Mike Kuhle, a District 4 candidate and current city alderman, said economic development has been a passion of his.
“I’d like to see something on a county-wide (scale),” he said. “We need to work hard on economic development. The wins are not easy and they don’t come very often, but when they do, they can spread the tax burden across more people.”
Robert Paplow, a District 3 candidate, said too many times potential business developers are told “No” when they want to come to town.

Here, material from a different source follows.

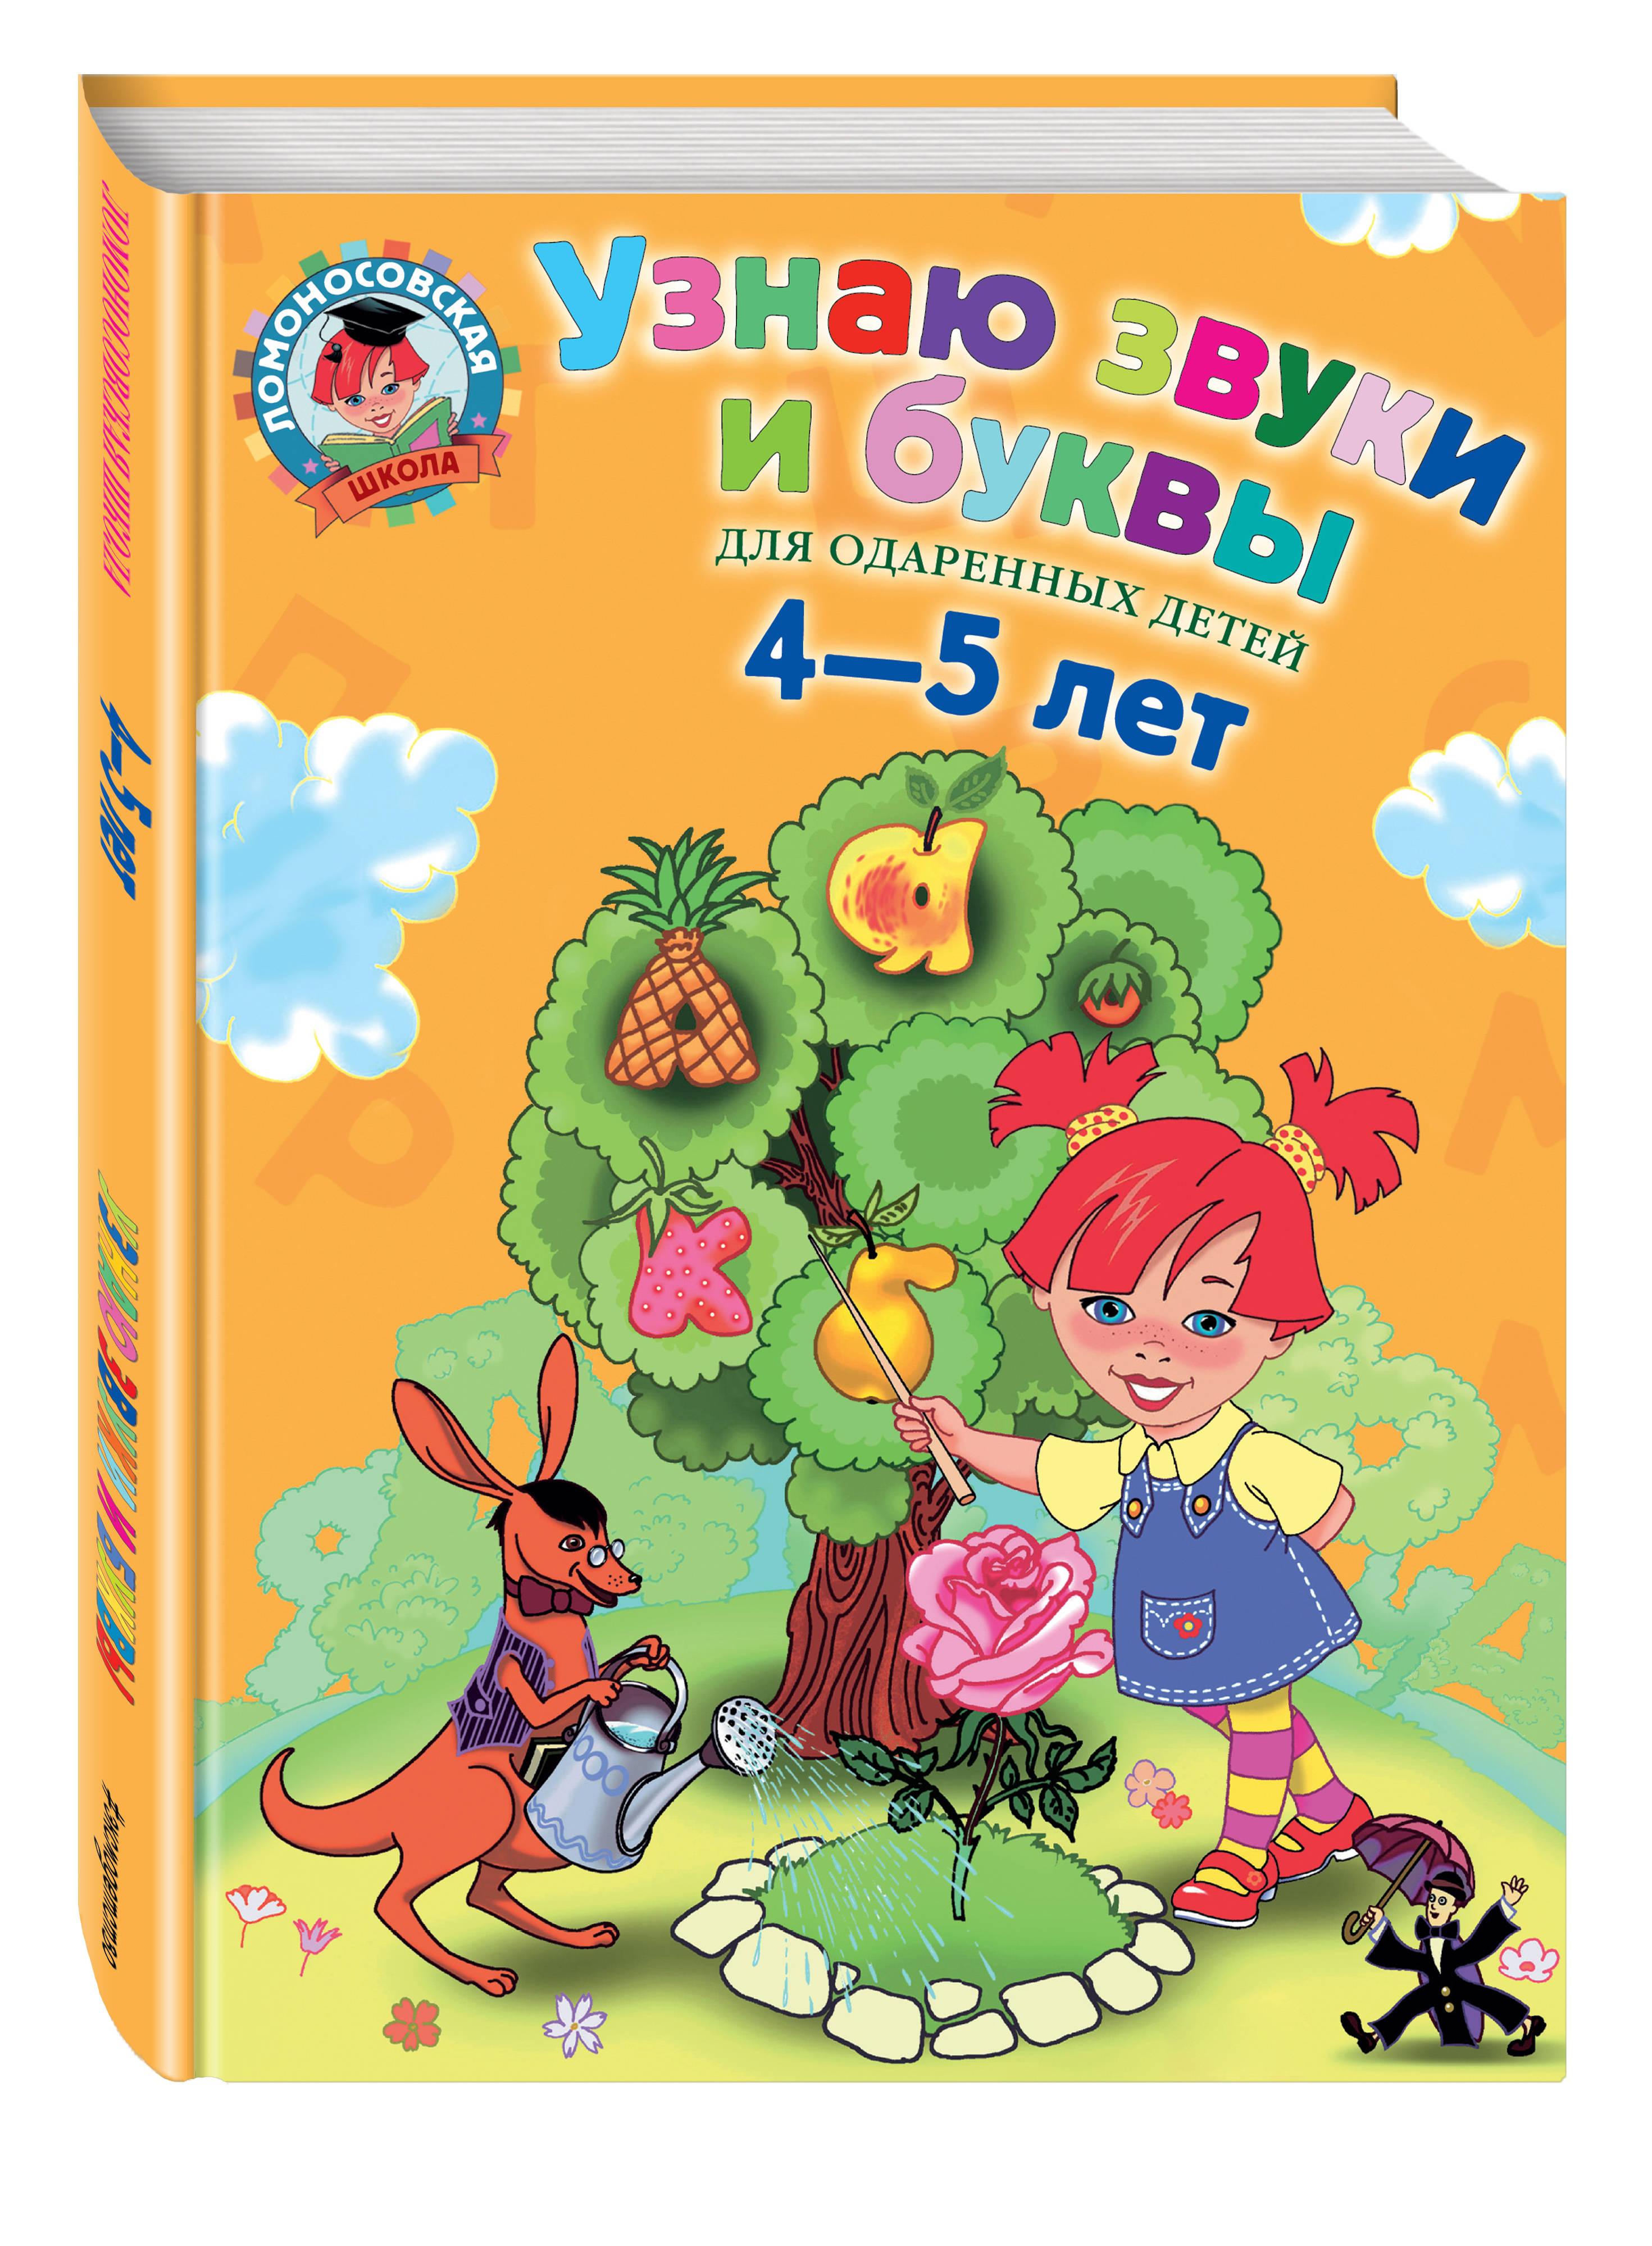 Купить Узнаю Звуки и Буквы: для Детей 4-5 лет, Эксмо, Книги по обучению и развитию детей

“I think we need to change that,” he said. “Let’s try to help out the businesses that we do have already.”
District 1 candidates spoke of the need to work on economic development in Round Lake, where Farley’s & Sathers recently announced it will close its headquarters and warehouses, while others spoke of the progress taking place in the agricultural sector.
“I think a lot of us drive our money from the ag (industry),” said Bruce Loosbrock, a District 2 candidate. “We need to keep the young people here. I think this county has been very fair to the ag people building their buildings. Expansions make our county a better county.”
All of the candidates were timed in their responses to questions during the forum, which wrapped up at 9 p.m. The event was sponsored by the Worthington Area Chamber of Commerce Governmental Affairs Committee and the Daily Globe.